Now I want to analytically continue ln(z), along $z=e^{i\theta}$, that is, continue ln(z) along the unit circle |z| = 1, with expansions / Taylor disks centered at $e^{i\theta}$.
I am able to write out explicitly the new power series in powers of (z-$e^{i\theta}$), with new coefficients, and noting that we now have convergence for |z-$e^{i\theta}$| < r < 1.

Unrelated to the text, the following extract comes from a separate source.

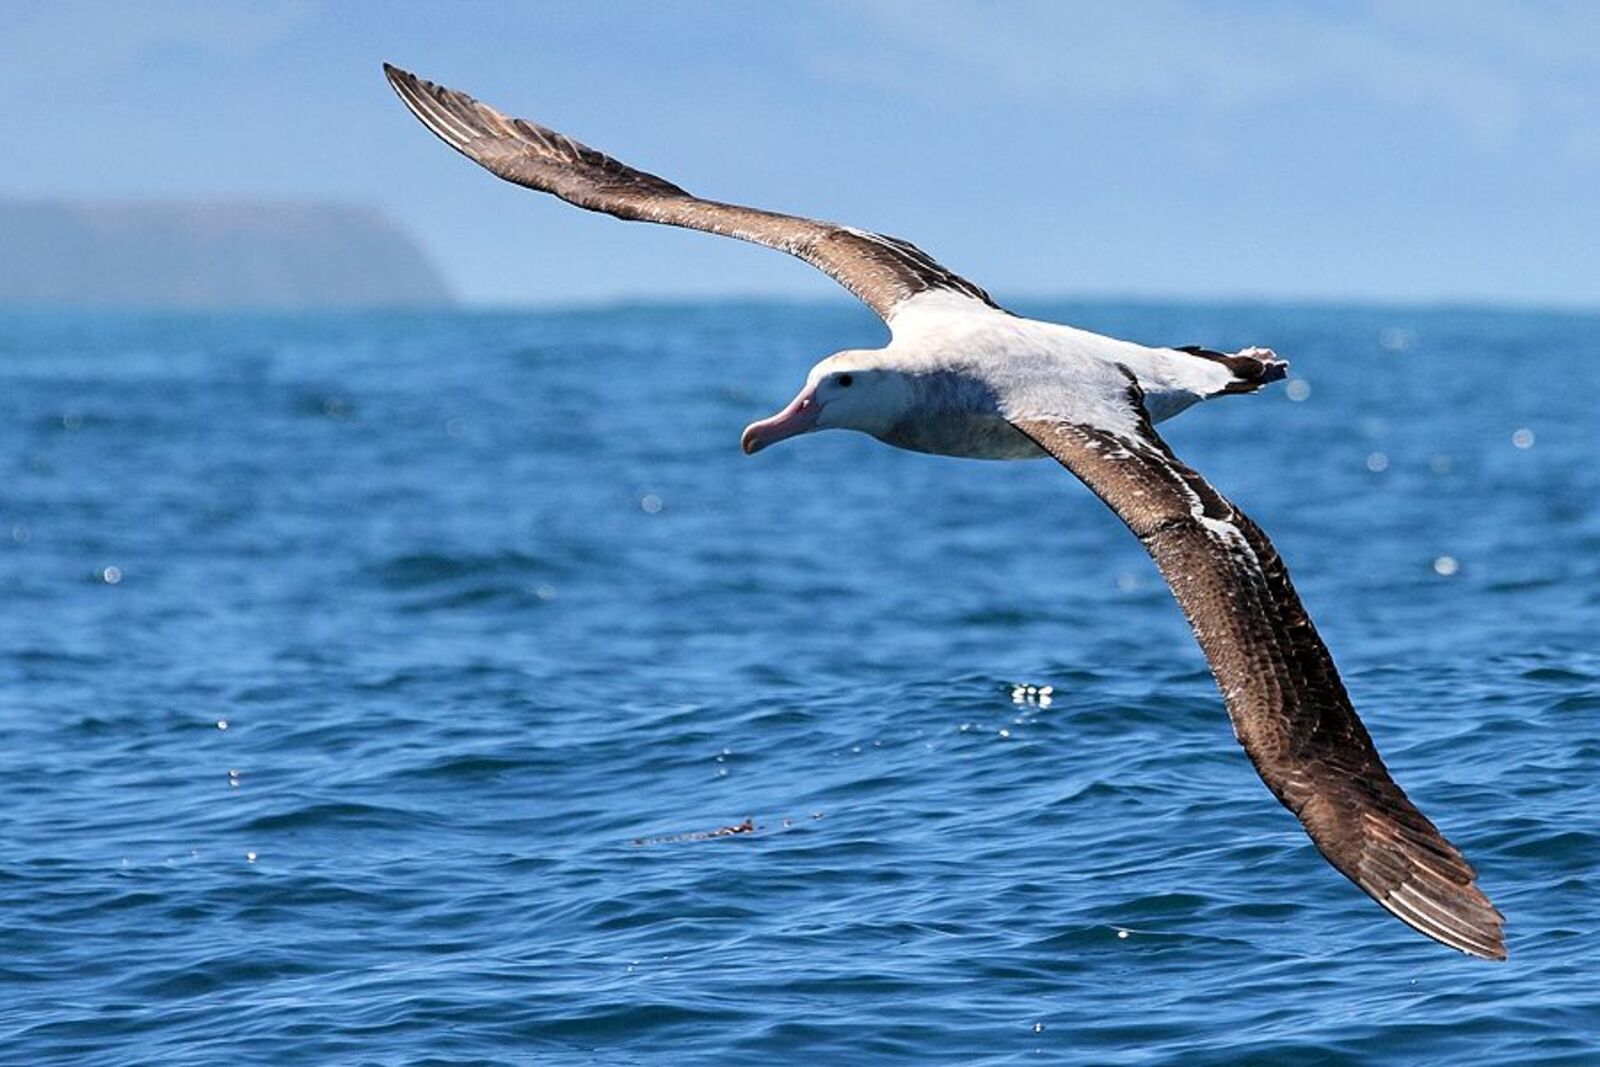 Сәйәхәтсе альбатрос – һыуҙа йөҙөүсе иң ҙур ҡош

My question is: Say, on my first shift, shifting the center from z = 1 to z = $e^{i(\pi/6)}$, I get a new power series, but here's my confusion: is this an expansion for the original ln(z), with the original, chosen branch cut, say, the negative real axis? I'm guessing it can't be, because as I continue analytically around the unit circle, I will eventually get a Taylor disk that covers a part of the negative real axis, which would be nonsense. If indeed, each shift requires me to specify a new branch cut, how do I do this, so that we still have convergent Taylor disks that satisfy |z-$e^{i\theta}$| < 1?
(My task is to do 12 shifts, starting at $\theta = pi/6$ to get back to z = 1 and that I should be able to observe that I get back the original ln(z) plus an additional $2\pi i$.)
Edit: But if I chose a different branch cut, as I shift the center and re-expand the power series, then this new series wouldn't even be an analytic continuation of the original ln(z), so I don't know how to proceed.
Thanks,